On his truck that is caked with mud from four-wheeling in different places in Horry County, his friends have written their names in the dirt.

But it’s not what is written on the side that’s gotten him in trouble lately.

"If this would have never happened, then there would be no controversy over it. I wouldn’t flaunt it or anything. I just put it on my truck because I like it."

Earlier this month when he brought his truck with the confederate flag in tow to his school, he says the Carolina Forest High School Resource Officer told him he had to take it down.

"I was like alright. I just called my mom and told her they told me to take my flag down."


But while the young man obliged to take down the flag, he and his family still don’t agree.

"I’m sorry if the Confederate battle flag offends people. I really am," said Ashton’s mother Selena Jacobs Wilson. "But I want people to know that I am here to tell them that it has only got to do with our heritage, and that is it."

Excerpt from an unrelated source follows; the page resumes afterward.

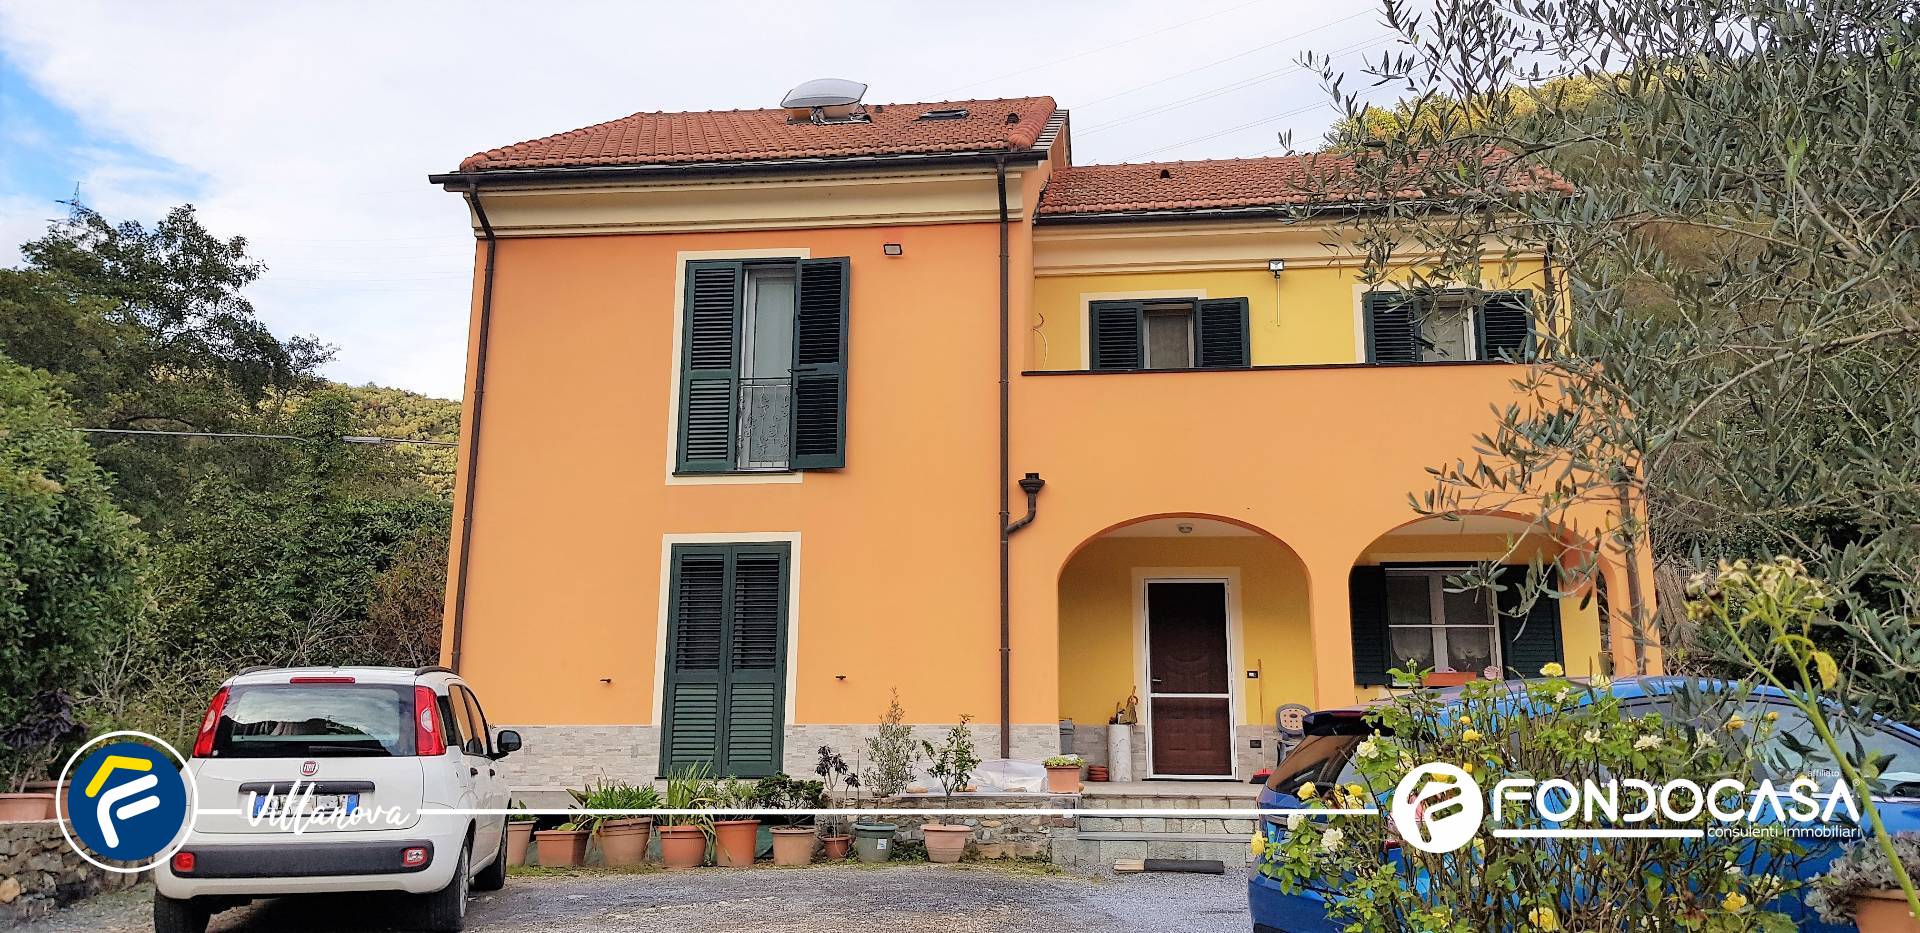 Villa Bifamiliare in vendita a Zuccarello, 7 locali, prezzo € 465.000 | PortaleAgenzieImmobiliari.it

"It still equates down to, it’s a place of learning," said Horry County School Board Member Joe Defeo. He represents the district Carolina Forest High School falls under.

Ashton was forced to take down the flag because it could be offensive to others, said Defeo.

"I understand quote unquote free speech, but you have to remember the Supreme Court already said there is not unlimited free speech in a school" said Defeo. "It’s a place of learning that’s it."

But limited free speech anywhere is why the family is hiring a lawyer.

"I just simply want the school board to let these kids have a freedom of speech," said Wilson. "Whether it be if they want to fly the Mexican flag, the American flag, the Italian flag whatever it may be. To a point, let them have a freedom of speech."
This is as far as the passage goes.